# how do you access the sdcard



## piiman (Aug 21, 2011)

How do you access the sdcard on this phone? I can see it when I attach to the PC but the SDCARD on the phone is the internal storage and apps can't seem to see it either.


----------



## Rrrracer (Dec 20, 2011)

The physical SD card is located in /mnt/extSdCard. Kind of a pain in the arse for sure!


----------



## PB64Craig (Jun 15, 2011)

piiman said:


> How do you access the sdcard on this phone? I can see it when I attach to the PC but the SDCARD on the phone is the internal storage and apps can't seem to see it either.


I have been using astro file manager.


----------



## piiman (Aug 21, 2011)

Rrrracer said:


> The physical SD card is located in /mnt/extSdCard. Kind of a pain in the arse for sure!


I know that I just can't access it with a root explorer . Nor does Titanuim backup see its folder that is on the sd card.


----------



## piiman (Aug 21, 2011)

PB64Craig said:


> I have been using astro file manager.


What does it moount as SDCARD? and if so then what does the internal stoage mount as?


----------



## johnomaz (Jul 18, 2011)

piiman said:


> What does it moount as SDCARD? and if so then what does the internal stoage mount as?

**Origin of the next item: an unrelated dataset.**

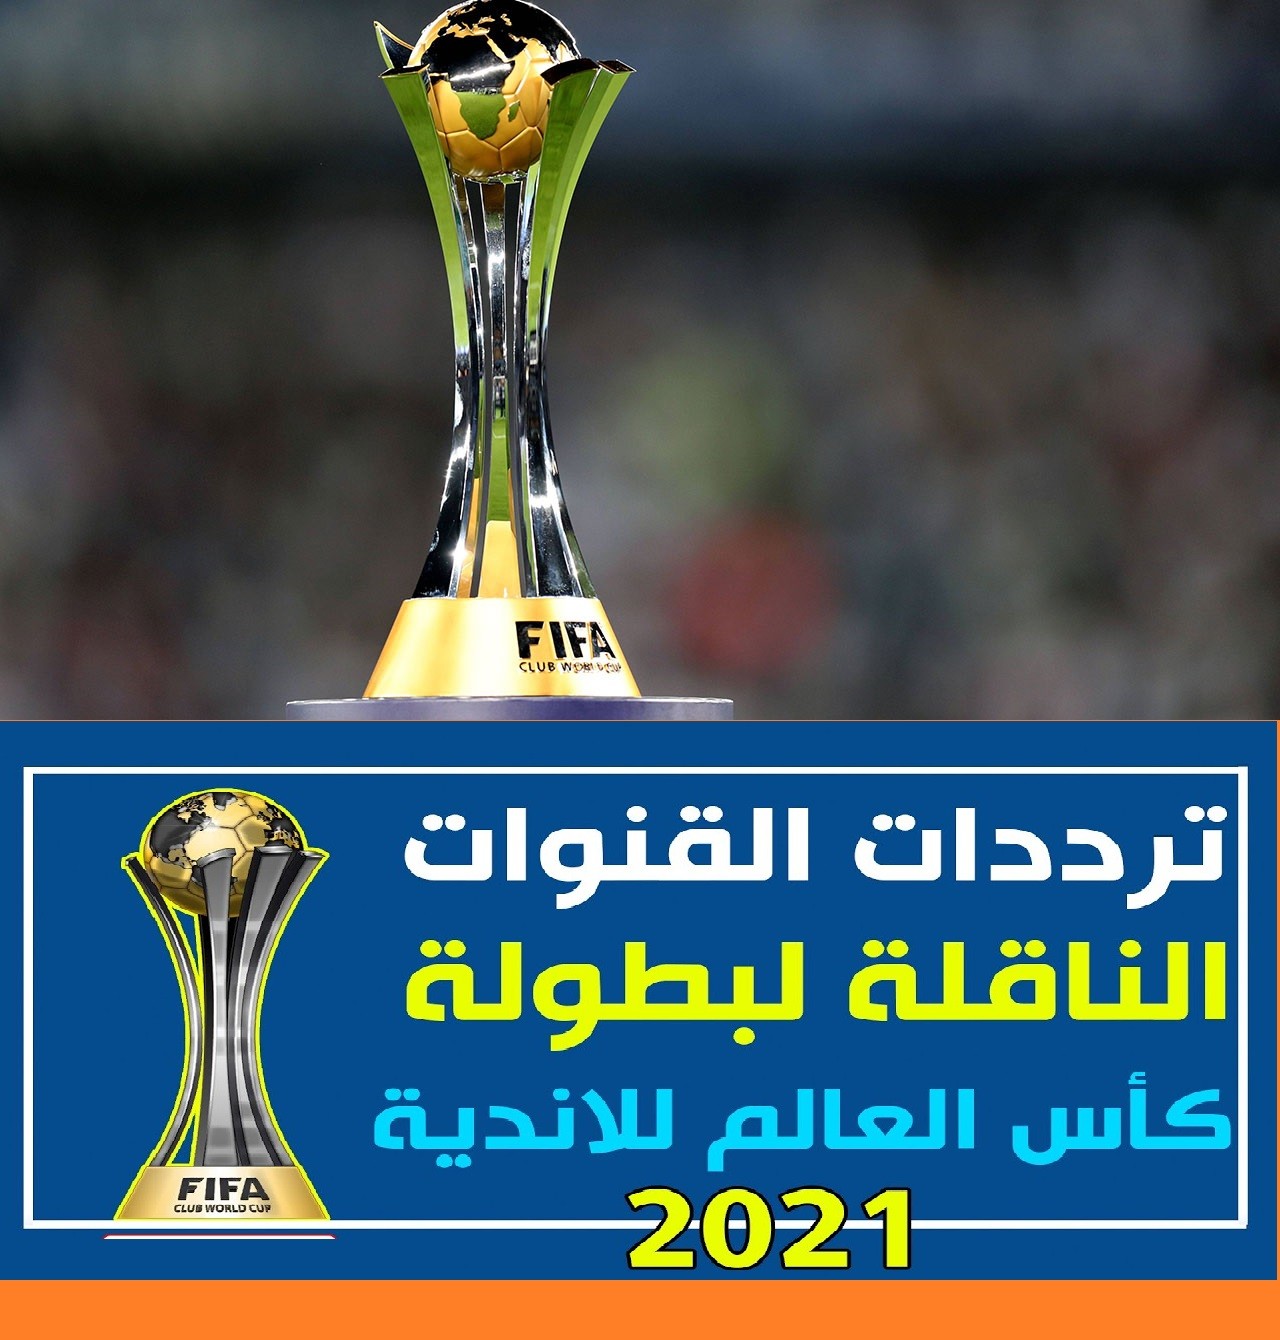 مواعيد مباريات كأس العالم للأندية 2021 وتردد القنوات الناقلة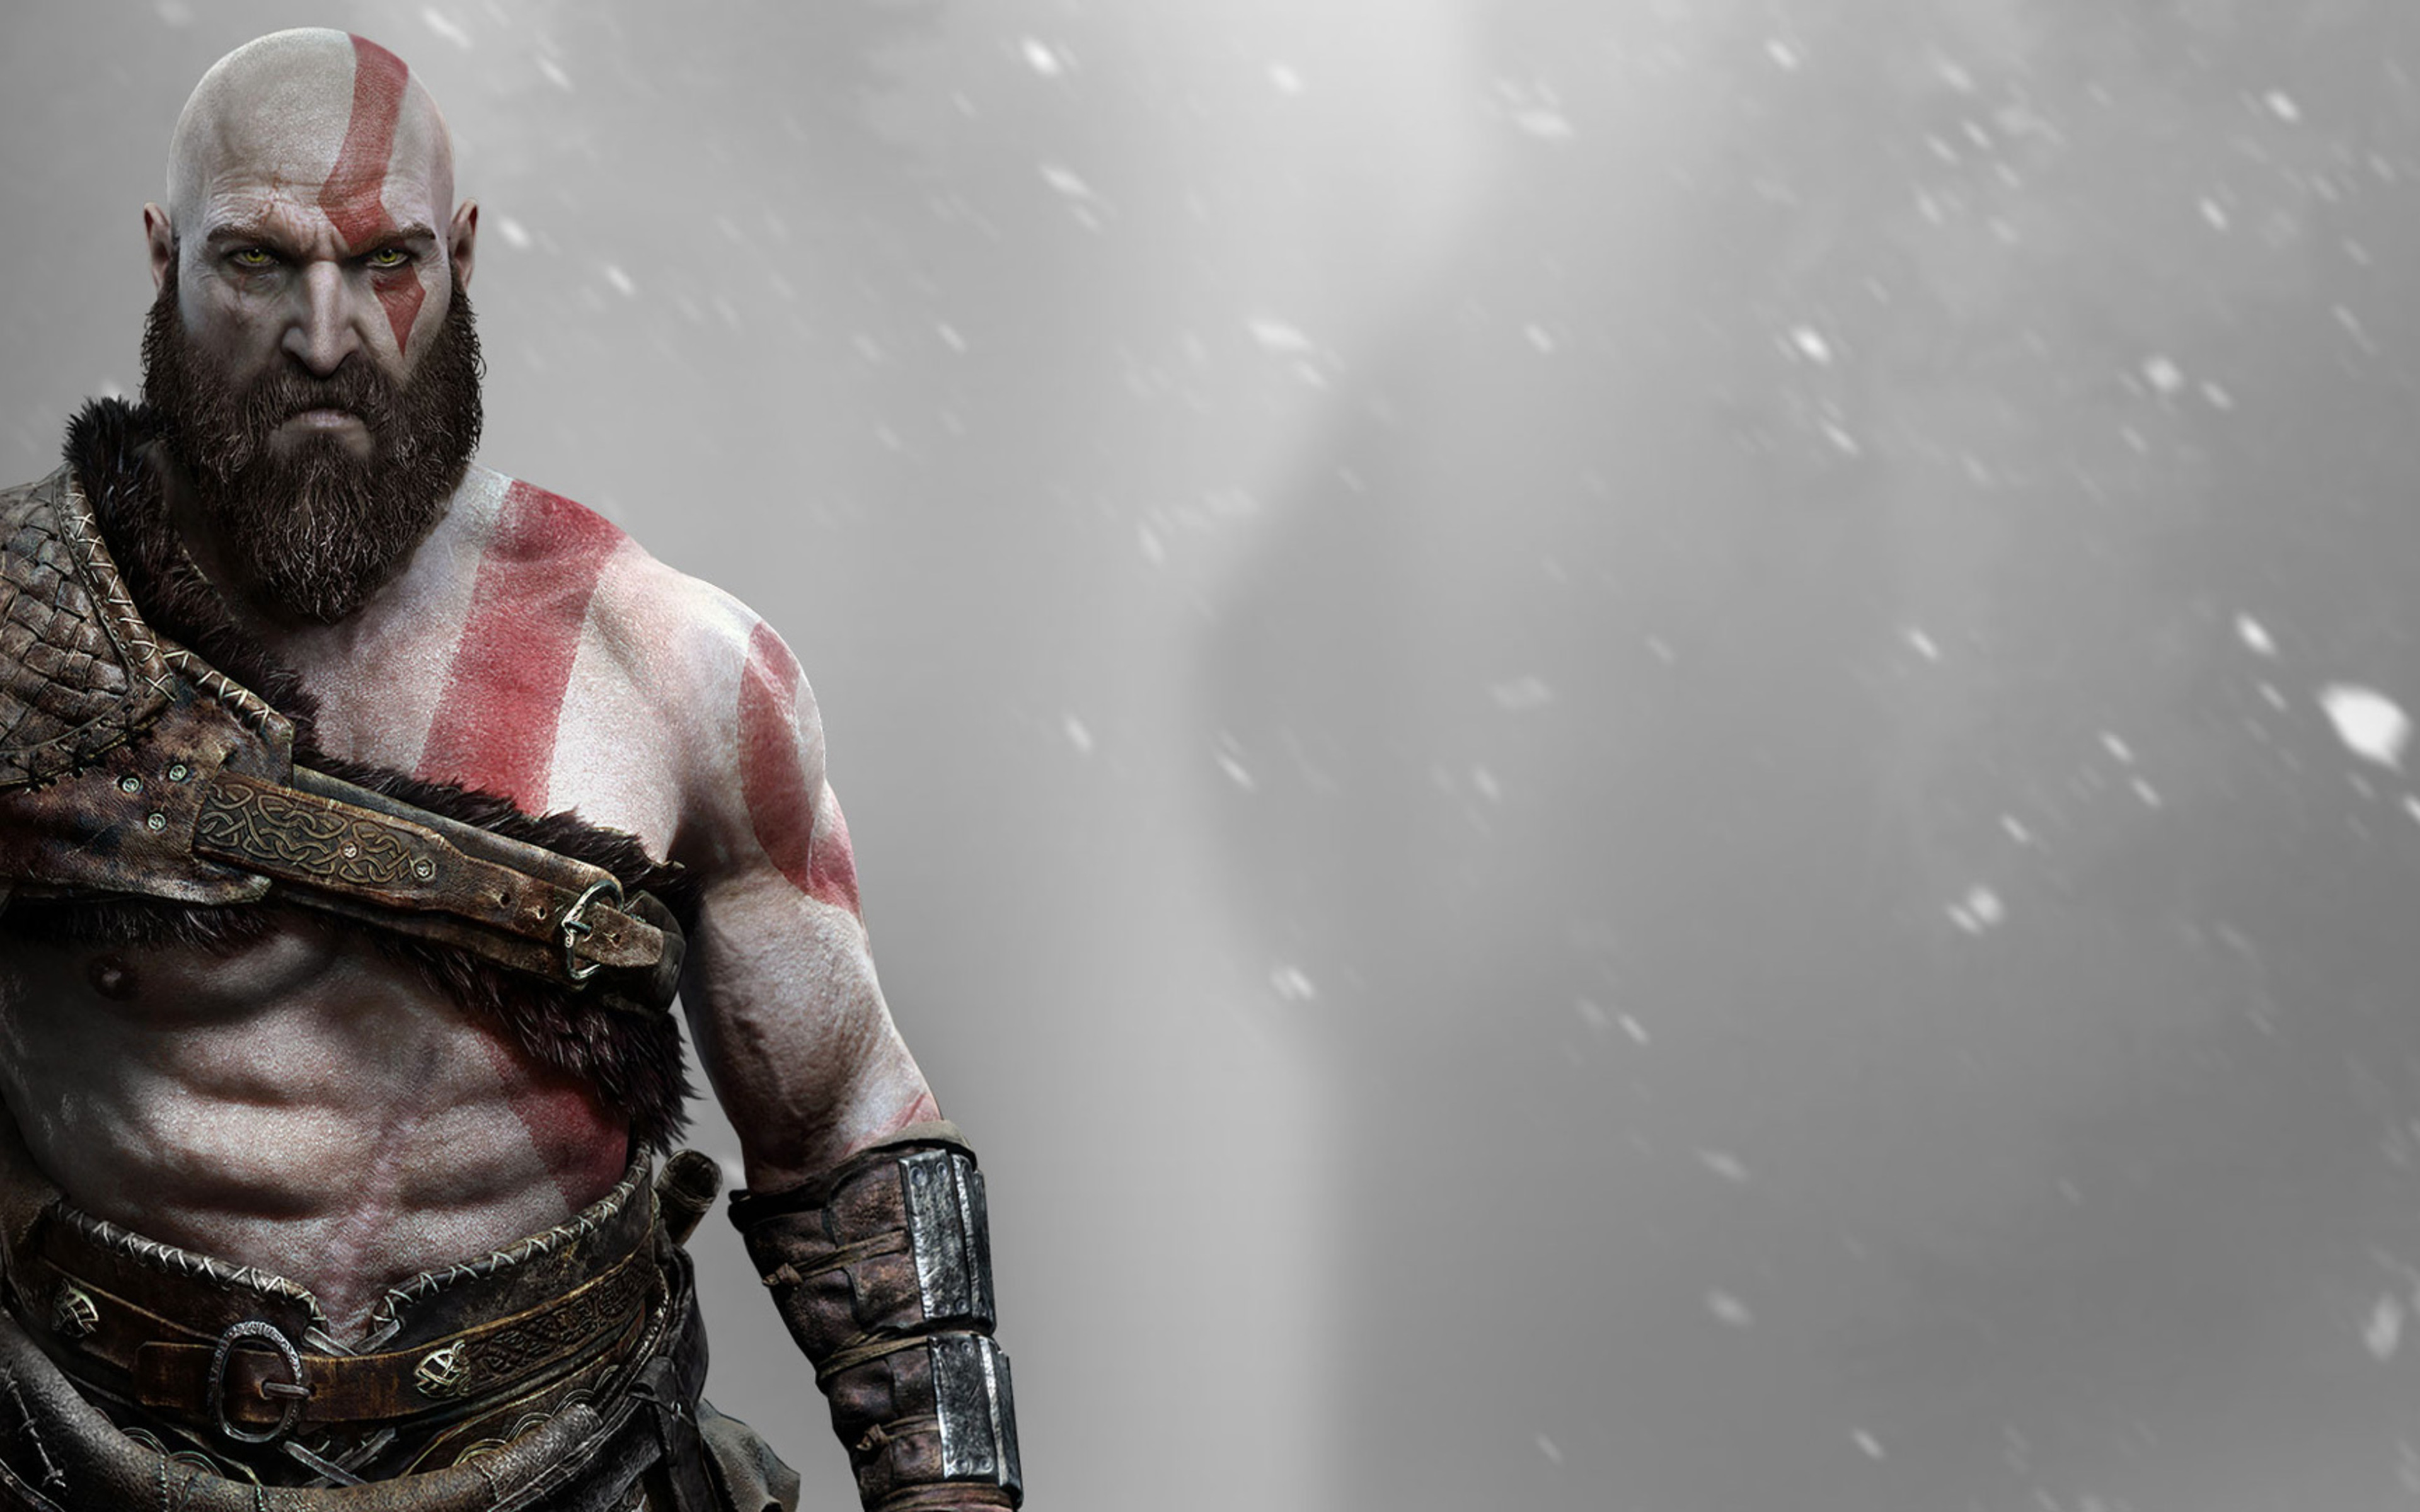 kratos wallpaper,fictional character,action figure,screenshot,cg artwork,flesh

The internal storage is what is mounting as SDCARD. The micro SD you put in it mounts as ExtSDCARD. You also can't tell the phone to use the ExtSDCARD primarily as far as I can tell except you can change the storage location of the camera to it. Honestly, its only good for storing music and movies on really.

Also, I can't get Astro to see the ExtSDCARD. It only sees the internal storage.


----------



## bigmook (Jun 6, 2011)

You need to scroll up and click .mnt


----------